The first changes we make are declaring our projection and model matrices. You may notice that we don't declare a view matrix in this tutorial. This is because we are using the default view, which consists of what is known as the right-handled coordinate system. The right-handed coordinate system consists of the 0,0,0 coordinates being positioned in the center of the view with the negative Z axis extending in front of us. The next change we make is making vertex points describing a tetrahedron, a simple three dimensional object consisting of four triangles. Most of the code from tutorial2 is reused to setup our VAO, VBOs, shaders, and program. The next changes consist of creating a perspective for our projection matrix, loading the identity matrix for the model matrix, then rotating and translating our model matrix. We then multiply our model and projection matrices together and bind the resultant matrix as a uniform for use in our vertex shader. A uniform is simply a value or values, in our case a matrix, which does not change value during the execution of a shader. Here's the code snippet performing these operations:

```
/* Create our projection matrix with a 45 degree field of view
* a width to height ratio of 1.0 and view from .1 to 100 infront of us */
perspective(projectionmatrix, 45.0, 1.0, 0.1, 100.0);
/* Loop our display rotating our model more each time. */
for (i=0; i < 360; i++)
{
/* Load the identity matrix into modelmatrix. rotate the model, and move it back 5 */
memcpy(modelmatrix, identitymatrix, sizeof(GLfloat) * 16);
rotate(modelmatrix, (GLfloat)i * -1.0, X_AXIS);
rotate(modelmatrix, (GLfloat)i * 1.0, Y_AXIS);
rotate(modelmatrix, (GLfloat)i * 0.5, Z_AXIS);
translate(modelmatrix, 0, 0, -5.0);
/* multiply our modelmatrix and our projectionmatrix. Results are stored in modelmatrix */
multiply4x4(modelmatrix, projectionmatrix);
/* Bind our modelmatrix variable to be a uniform called mvpmatrix in our shaderprogram */
glUniformMatrix4fv(glGetUniformLocation(shaderprogram, "mvpmatrix"), 1, GL_FALSE, modelmatrix);
```

## Changes in the vertex shader

The vertex shader is almost the same as the previous tutorial. The only differences are the declaration of the uniform model-view-projection matrix (mvpmatrix) we now have as well as multiplying the matrix to our vector.

```
// mvpmatrix is the result of multiplying the model, view, and projection matrices */
uniform mat4 mvpmatrix;
void main(void) {
// Multiply the mvp matrix by the vertex to obtain our final vertex position
gl_Position = mvpmatrix * vec4(in_Position, 1.0);
```

## Full source code

Full source code is available in a zip file here (Note: broken link).
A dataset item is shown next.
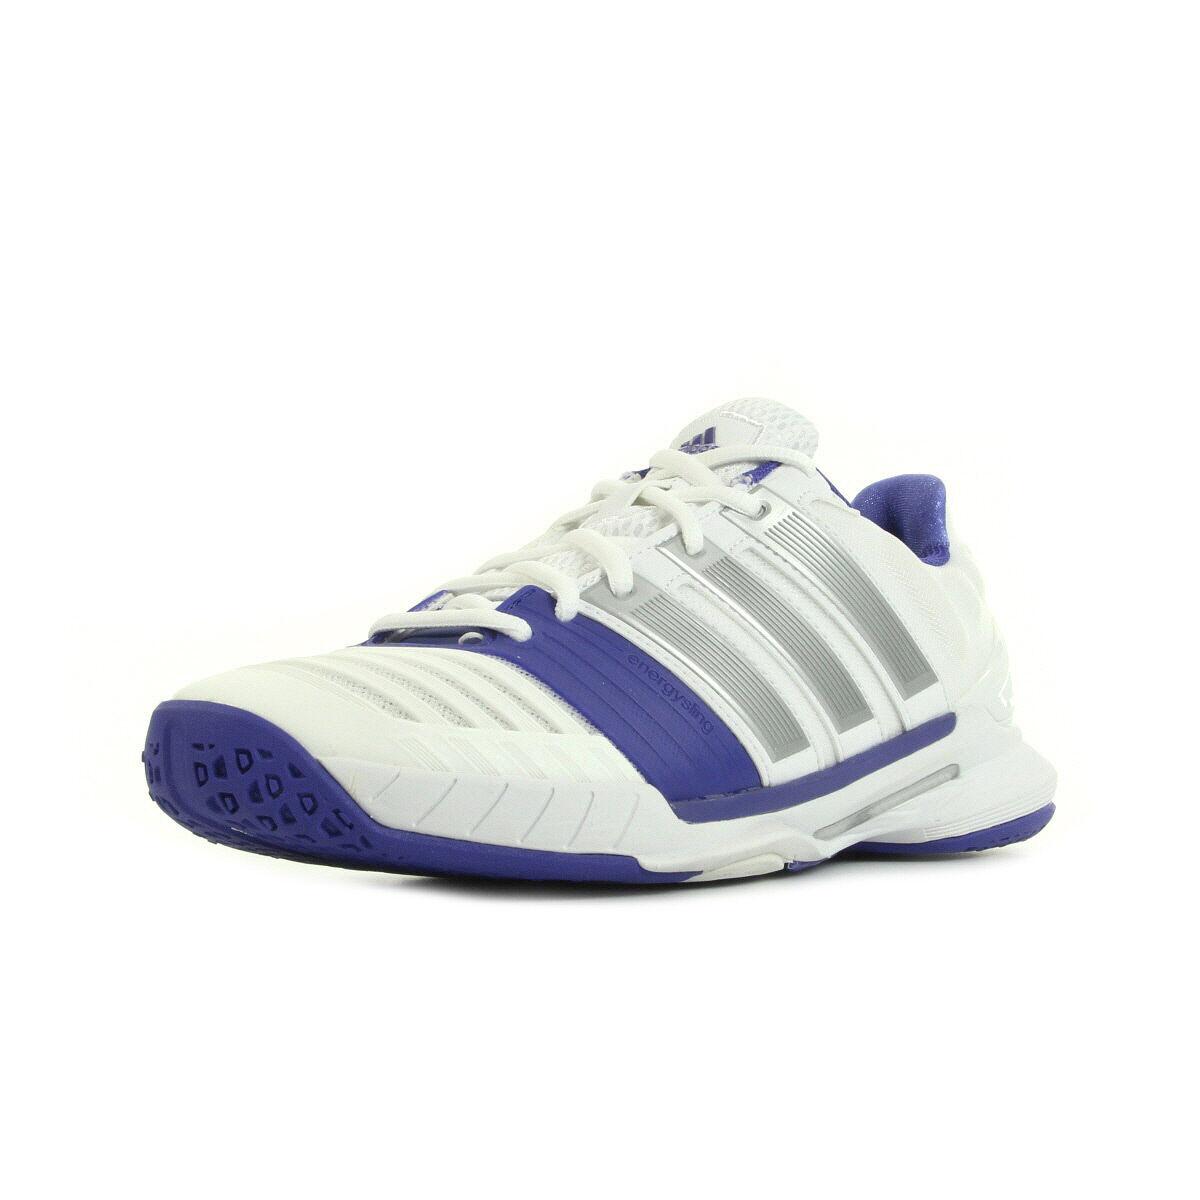 75%] Scarpe Indoor Adidas Adipower Stabil 11 (M17488)
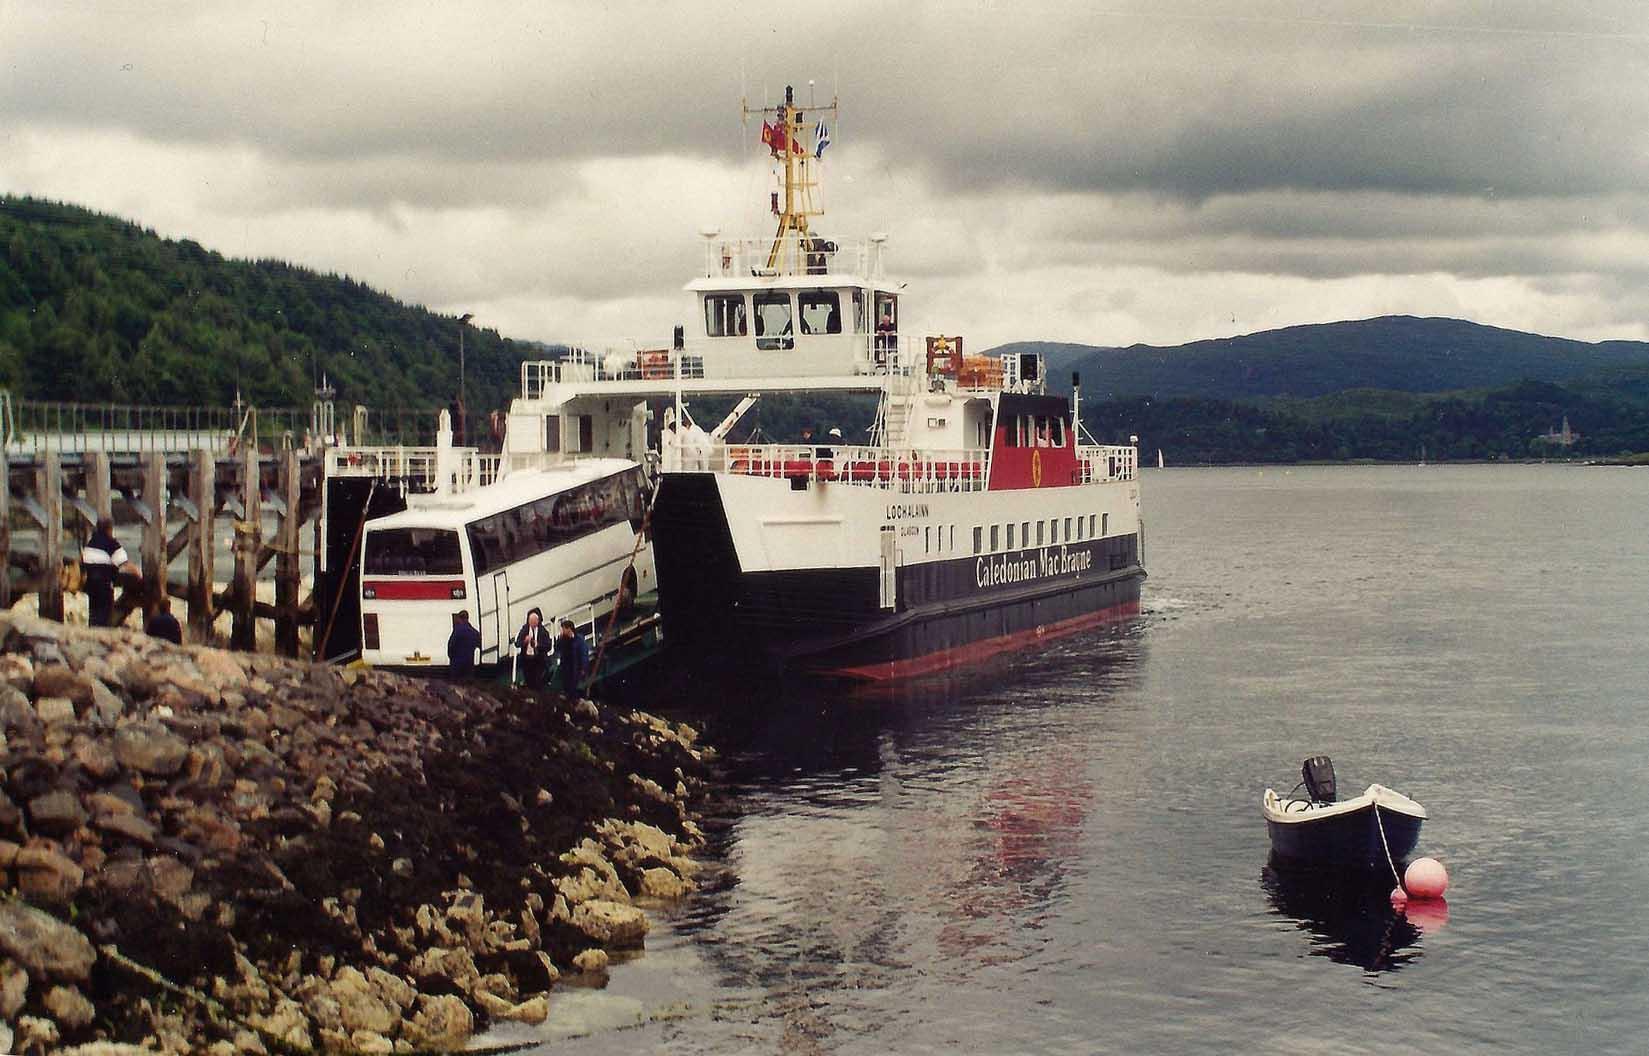 Loch Alainn on berthing trials at Lochaline (Iain McPherson)

Full source code of a variation of tutorial3 using a single VBO is available in a zip file here

## Compilation

On linux:

gcc utils.c tutorial3.c -o tutorial3 -lGL $(sdl-config --cflags --libs)

If you have SDL-1.2 and SDL-1.3 both installed, be sure to run the 1.3 version of sdl-config. For example if you installed SDL-1.3 in /usr/local:

gcc utils.c tutorial3.c -o tutorial3 -lGL $(/usr/local/bin/sdl-config --cflags --libs)

## Execution

./tutorial3

The result should be a 512x512 window centered on your display showing a rotating tetrahedron.